* [Records provided]
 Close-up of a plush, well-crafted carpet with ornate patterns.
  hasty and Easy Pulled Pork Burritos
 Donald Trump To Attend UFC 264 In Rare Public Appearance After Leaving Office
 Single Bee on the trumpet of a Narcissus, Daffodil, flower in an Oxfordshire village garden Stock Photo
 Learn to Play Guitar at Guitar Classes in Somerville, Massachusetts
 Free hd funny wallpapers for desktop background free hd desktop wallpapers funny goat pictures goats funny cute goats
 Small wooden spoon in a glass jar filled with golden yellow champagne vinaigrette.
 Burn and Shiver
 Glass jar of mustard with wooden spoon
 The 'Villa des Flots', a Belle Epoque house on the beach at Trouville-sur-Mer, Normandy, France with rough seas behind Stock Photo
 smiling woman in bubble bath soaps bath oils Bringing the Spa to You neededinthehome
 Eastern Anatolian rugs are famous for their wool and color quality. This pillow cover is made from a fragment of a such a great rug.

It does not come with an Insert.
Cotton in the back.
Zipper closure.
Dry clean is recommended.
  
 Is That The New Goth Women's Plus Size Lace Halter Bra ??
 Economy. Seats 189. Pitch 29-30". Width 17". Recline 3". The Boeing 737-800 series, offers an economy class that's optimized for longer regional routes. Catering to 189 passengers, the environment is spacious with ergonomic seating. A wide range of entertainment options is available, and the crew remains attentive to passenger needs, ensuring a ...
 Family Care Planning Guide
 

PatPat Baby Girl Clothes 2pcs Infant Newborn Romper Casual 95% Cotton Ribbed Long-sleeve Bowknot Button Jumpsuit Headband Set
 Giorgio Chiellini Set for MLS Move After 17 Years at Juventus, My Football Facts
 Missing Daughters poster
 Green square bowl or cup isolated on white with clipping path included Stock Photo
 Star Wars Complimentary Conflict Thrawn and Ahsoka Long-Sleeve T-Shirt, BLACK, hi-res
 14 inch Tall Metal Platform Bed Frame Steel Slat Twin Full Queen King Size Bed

* [Task to complete] Only the span from the line with "Star Wars Complimentary" through the final line of the records goes in the output, each line unchanged.

* [Solution to this problem]
 Star Wars Complimentary Conflict Thrawn and Ahsoka Long-Sleeve T-Shirt, BLACK, hi-res
 14 inch Tall Metal Platform Bed Frame Steel Slat Twin Full Queen King Size Bed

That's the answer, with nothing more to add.